Your single cell reference must be unnormalized whole transcriptome feature-barcode matrices with cell type annotations for each matrix. The matrix and annotations should be bundled as a .zip, .tar, or .tar.gz file (one matrix + one annotation file per bundle). The accepted feature-barcode matrix formats are: 10x HDF5 or MEX. The 10x CLOUPE file format is also supported. Learn more about single cell references here and reference format conversion here.
3. What if I do not have a single cell reference?
We recommend that you have a closely matched single cell RNA-seq reference to accurately determine how much of the detection budget your panel is expected to use. It is particularly important to find a close match when working with diseased tissue types.
If you do not have an annotated single cell RNA-seq, you can use publicly available data from sources such as CELLxGENE. The Xenium Panel Designer provides a variety of curated reference datasets for both human and mouse tissues and a variety of conditions (see table).
1. What is advanced custom panel design?
Standard custom panels target well-annotated genes in the human and mouse 2020-A reference transcriptomes.
Advanced custom panel designs target sequences that we do not have existing probe designs for. Potential advanced custom applications include isoforms, gene fusions, viral or bacterial sequences, protein tags, fluorescent reporters, and transgenes. More information is available in the Choose Panel Design Option page.
2. Can I contact 10x support if I have questions about requesting an advanced custom panel design (e.g., feasibility of experimental design, assay sensitivity or specificity for a target gene, multi-species, etc.)?
Submit your questions to support@10xgenomics.com if you have technical questions prior to starting an advanced custom panel design. It is important to carefully consider the feasibility and experimental design before starting this design process.
3. Who do I contact if I have questions about purchasing an advanced custom panel before starting the panel design process?
Contact your local sales representative or distributor for any questions about advanced panel designs. If you do not know your local sales representative, contact customerservice@10xgenomics.com.
4. What is an Advanced Panel Upgrade and how do I pay for it?
An Advanced Panel Upgrade is a product upgrade that enables you to generate panels for applications not possible with standard gene expression panels. The advanced custom and species custom designs are complex and require bespoke design optimization for each panel request. You can upgrade your custom panel to an advanced panel by purchasing an Advanced Panel Upgrade.

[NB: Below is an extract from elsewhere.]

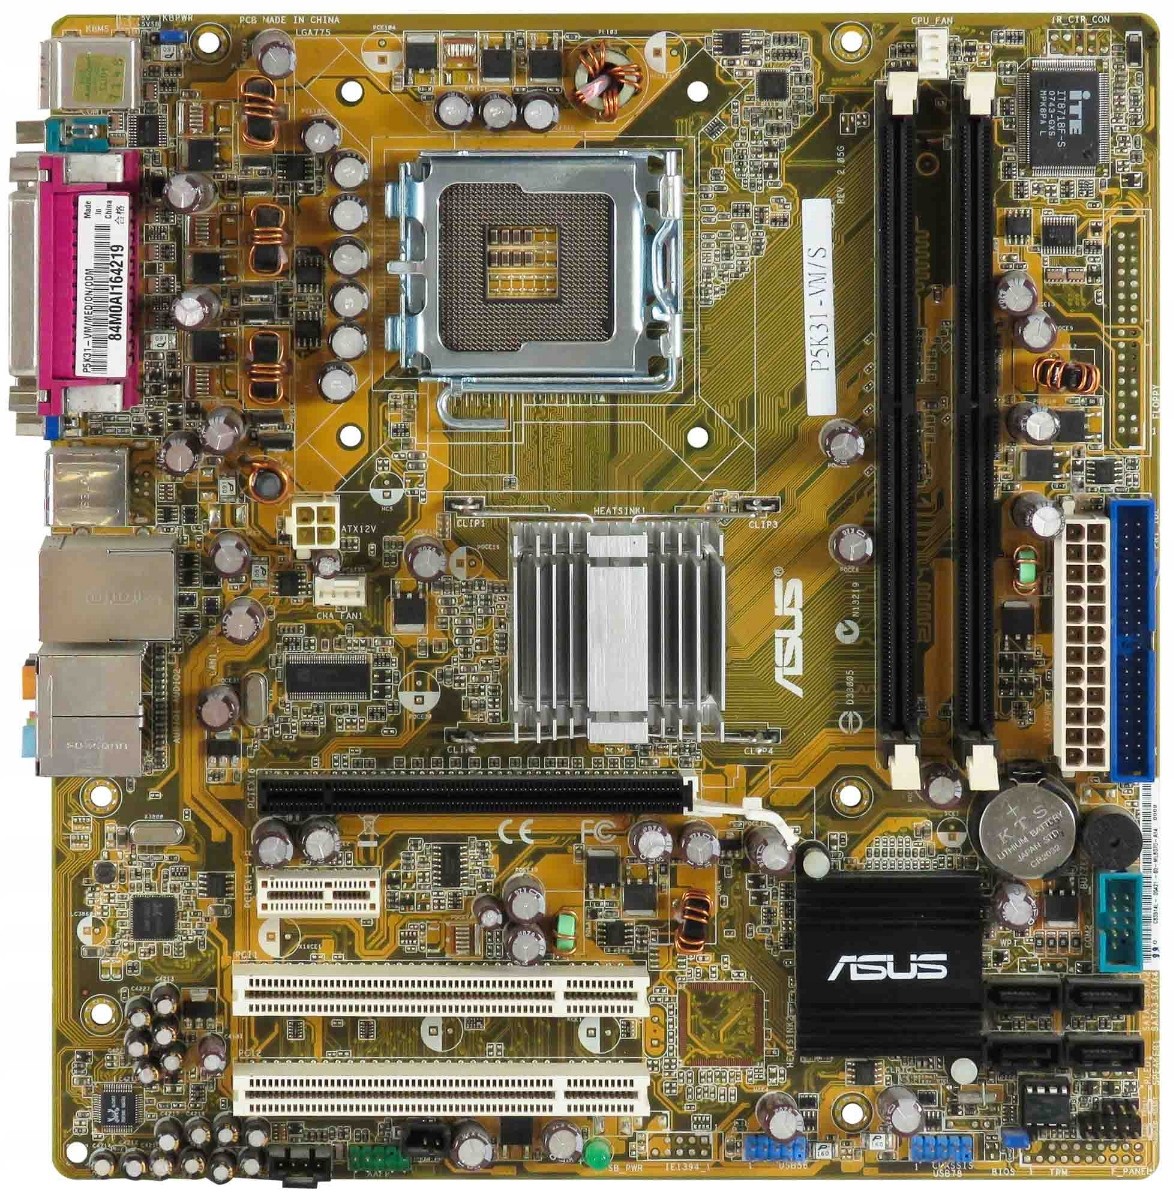 Asus P5K31-VM/S LGA775 Intel G33 Express 2x DDR2

You need to have a PO for a custom panel and an Advanced Panel Upgrade associated with the panel design ID in order to submit a request for an advanced custom panel on the Xenium Panel Designer. We will invoice you for both part numbers after the panel design has been finalized (Xenium v1 PNs, Xenium Prime PNs).
5. Why do I need an Advanced Panel Upgrade?
Each advanced custom or species standalone custom request is built by the 10x Genomics Applied Bioinformatics team in collaboration with customers. The Advanced Panel Upgrade is only required for designs led by our Applied Bioinformatics team.
6. I plan to request a human or mouse panel and to add probes for bacterial or viral genes. Should I select "human", "mouse", or "other" for my organism?
We would consider "human" or "mouse" to be the organism in this case, with advanced custom targets added.
7. How do I specify sequences for advanced custom design?
There are a few common target design modes: isoforms, single nucleotide variants, exogenous genes, T cell receptors, and barcode detection. Guidance for submitting information for these targets is provided in the Advanced workflow documentation.